ABOUT THIS EXERCISE :: The reader should set down exactly the lines from the one containing "The Inverness Courier, October" through the last line of the material, omitting every picture.
^^^^^^^^
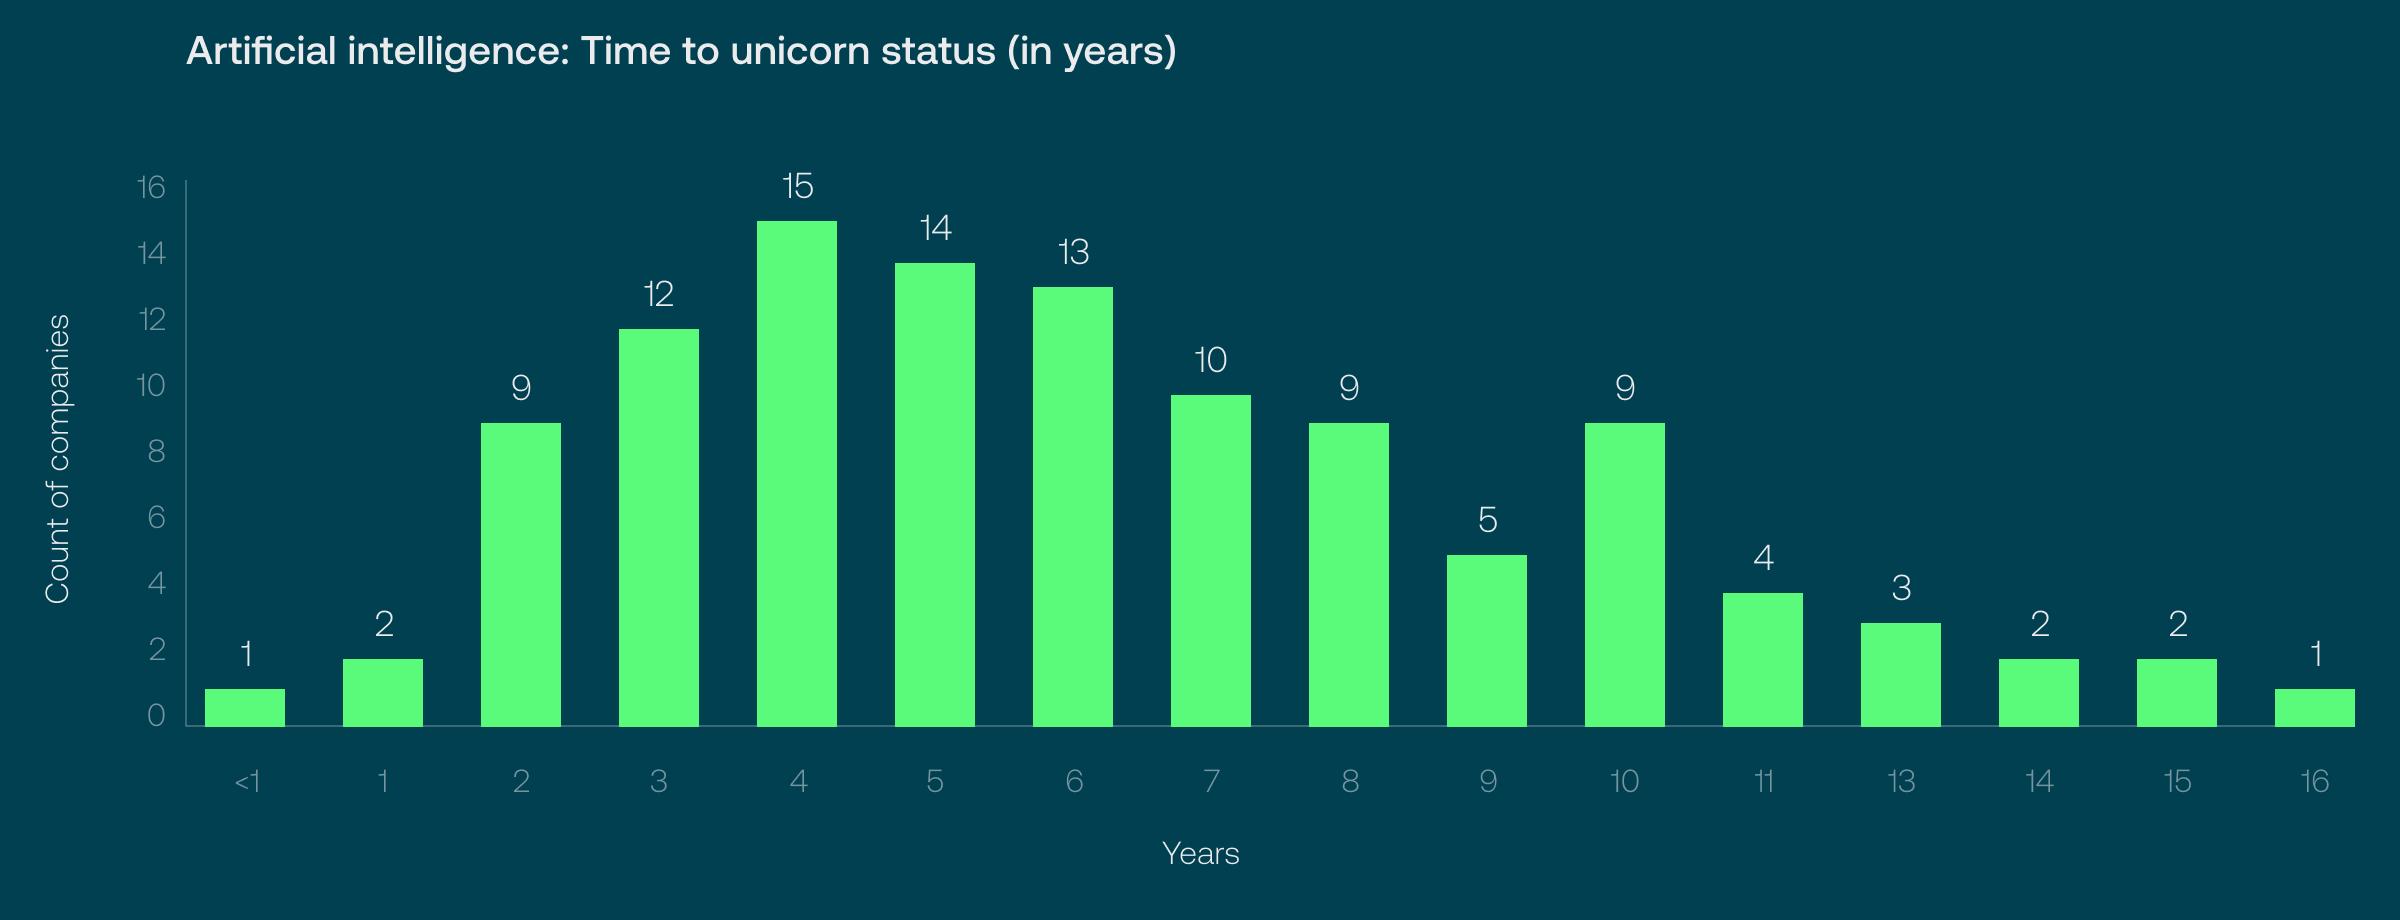 How Long Does it Take to Become a Unicorn__03
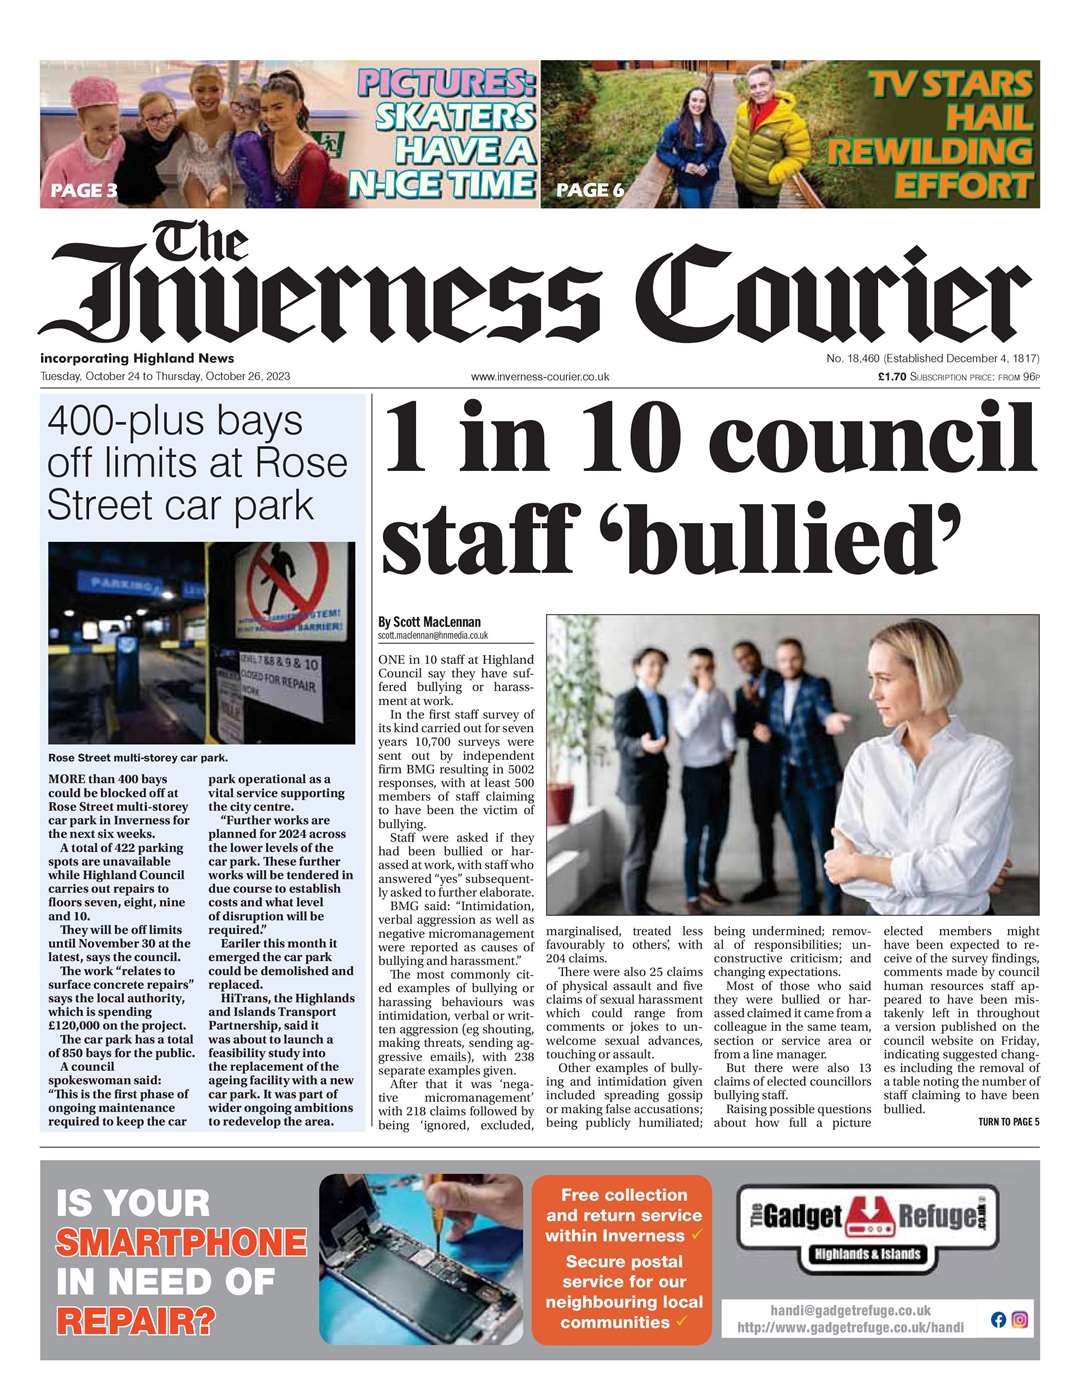 The Inverness Courier, October 24, front page.
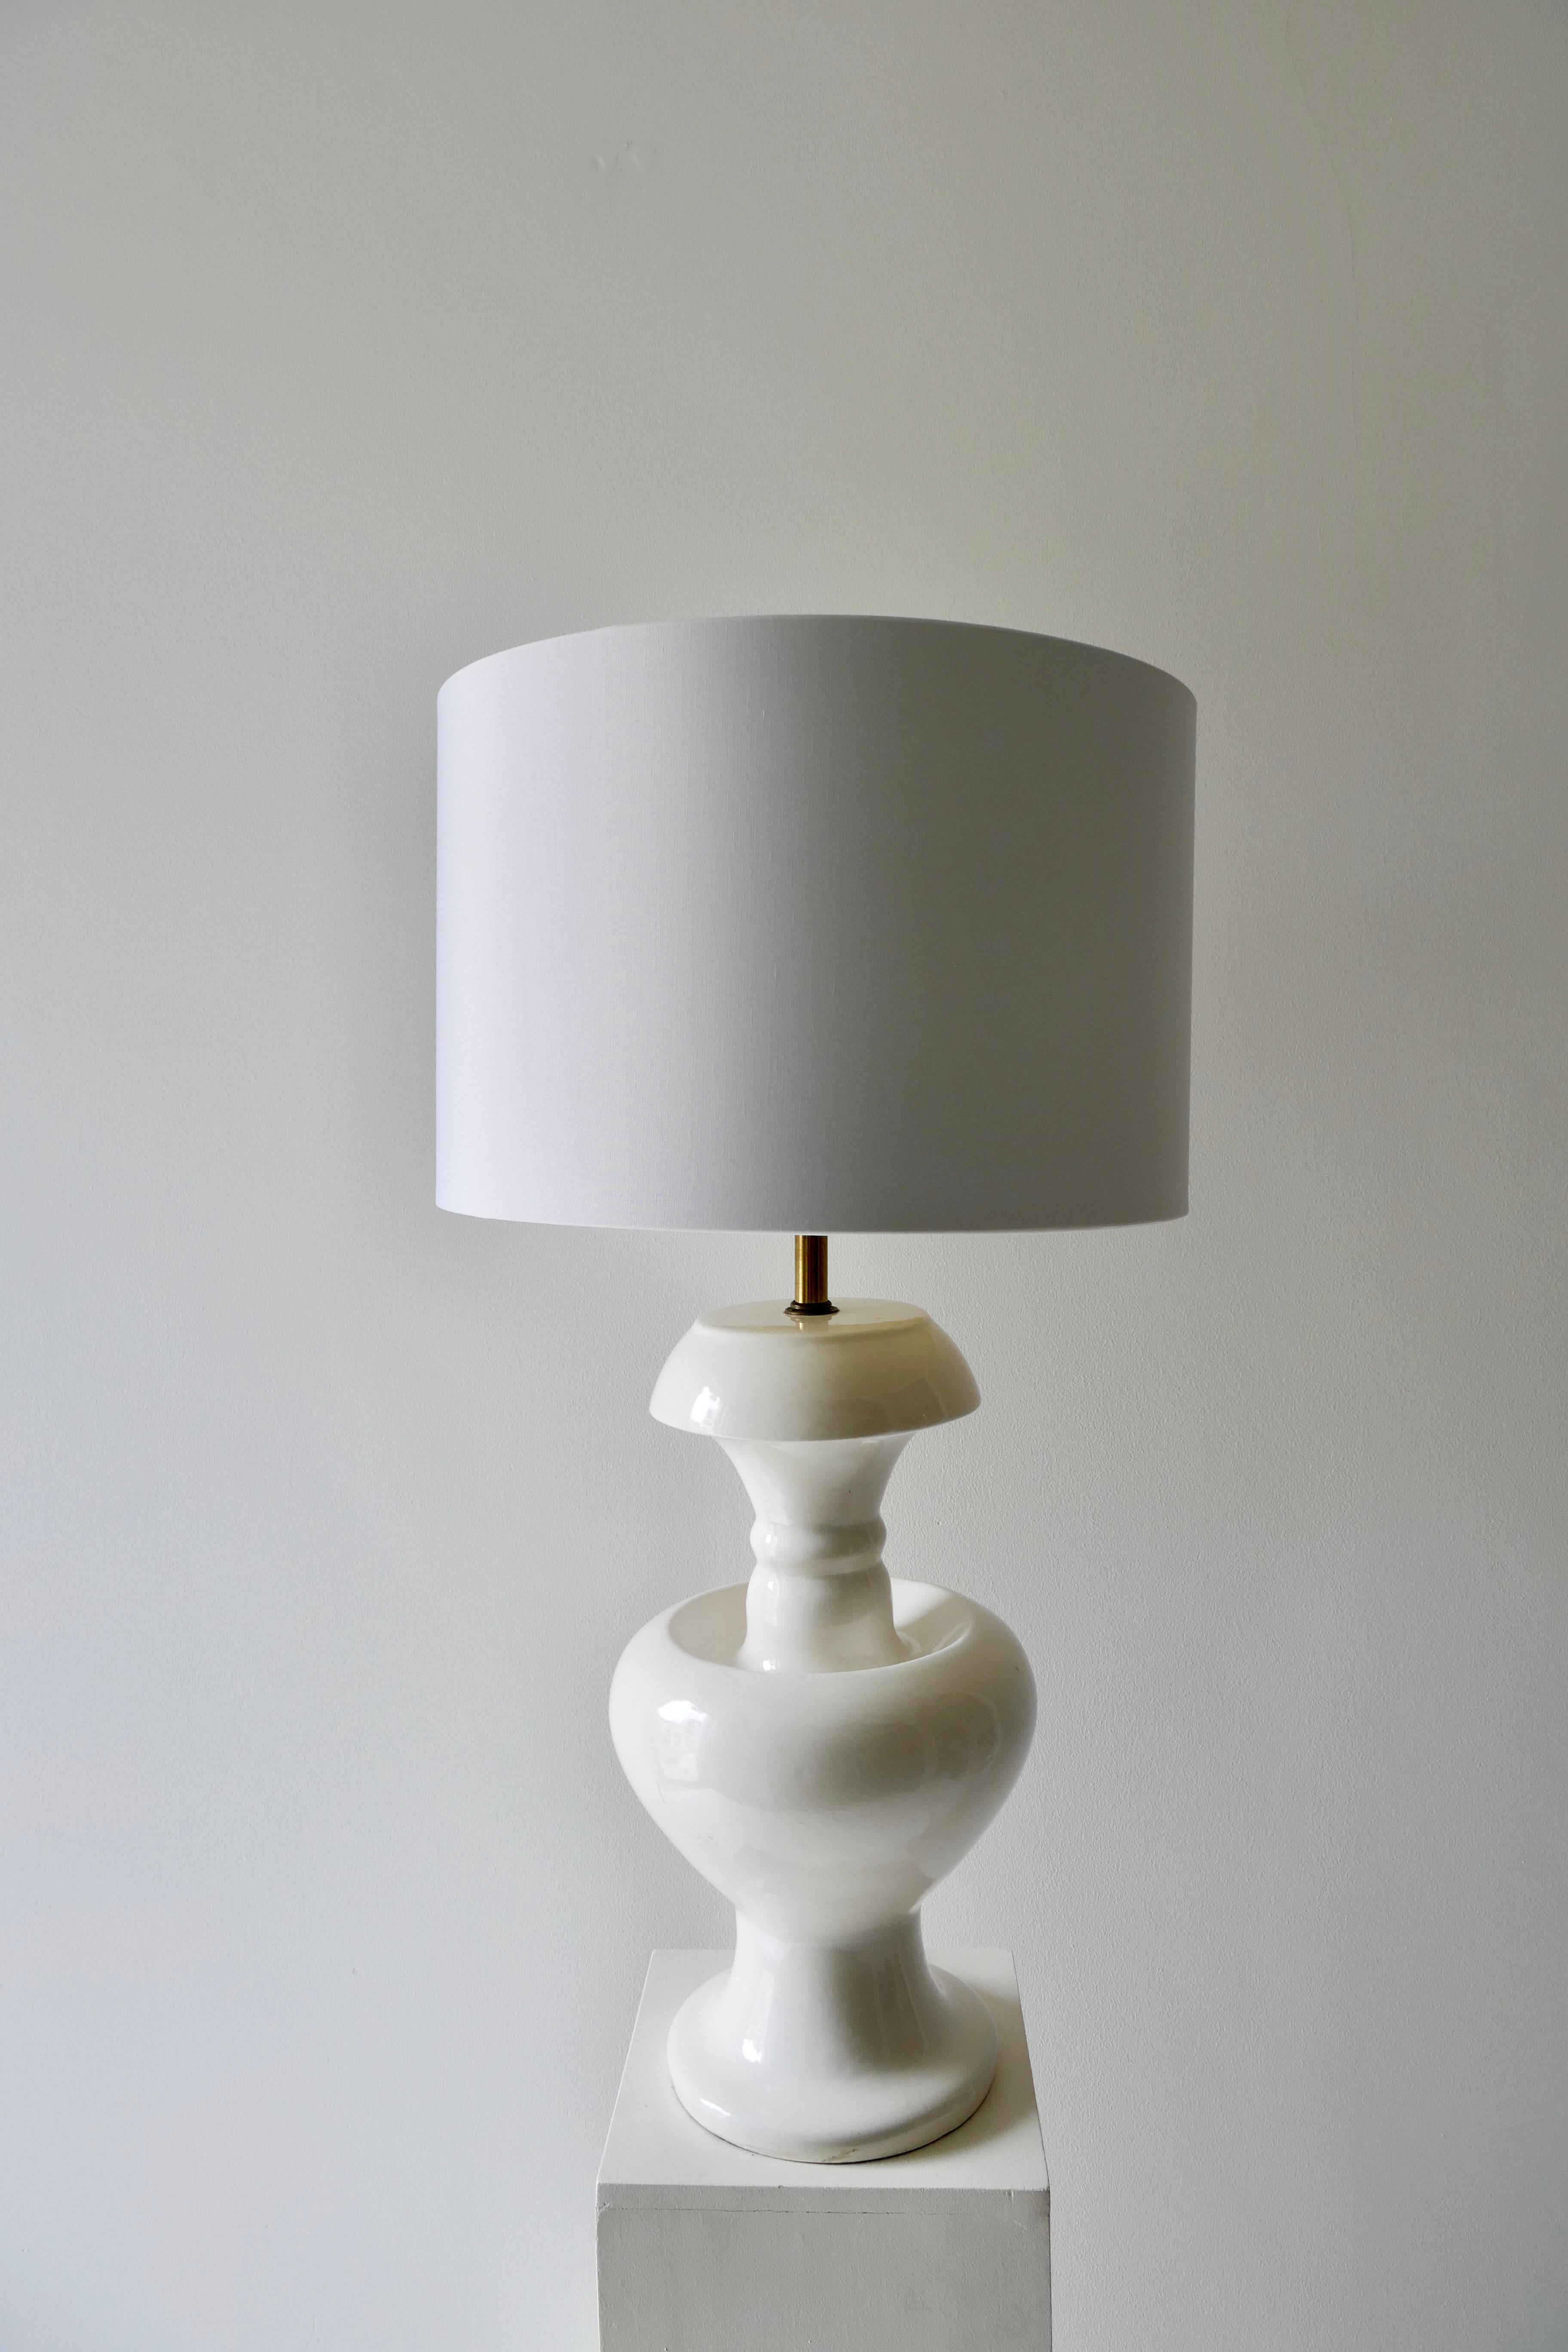 Sinuous shape, elegantly simple this table lamps is perfect in a living room or bedroom
White ceramic and new lampshade
Mid-Century Modern American.
^^^^^^^^
ANSWER BELOW ::
 The Inverness Courier, October 24, front page.
 Sinuous shape, elegantly simple this table lamps is perfect in a living room or bedroom
White ceramic and new lampshade
Mid-Century Modern American.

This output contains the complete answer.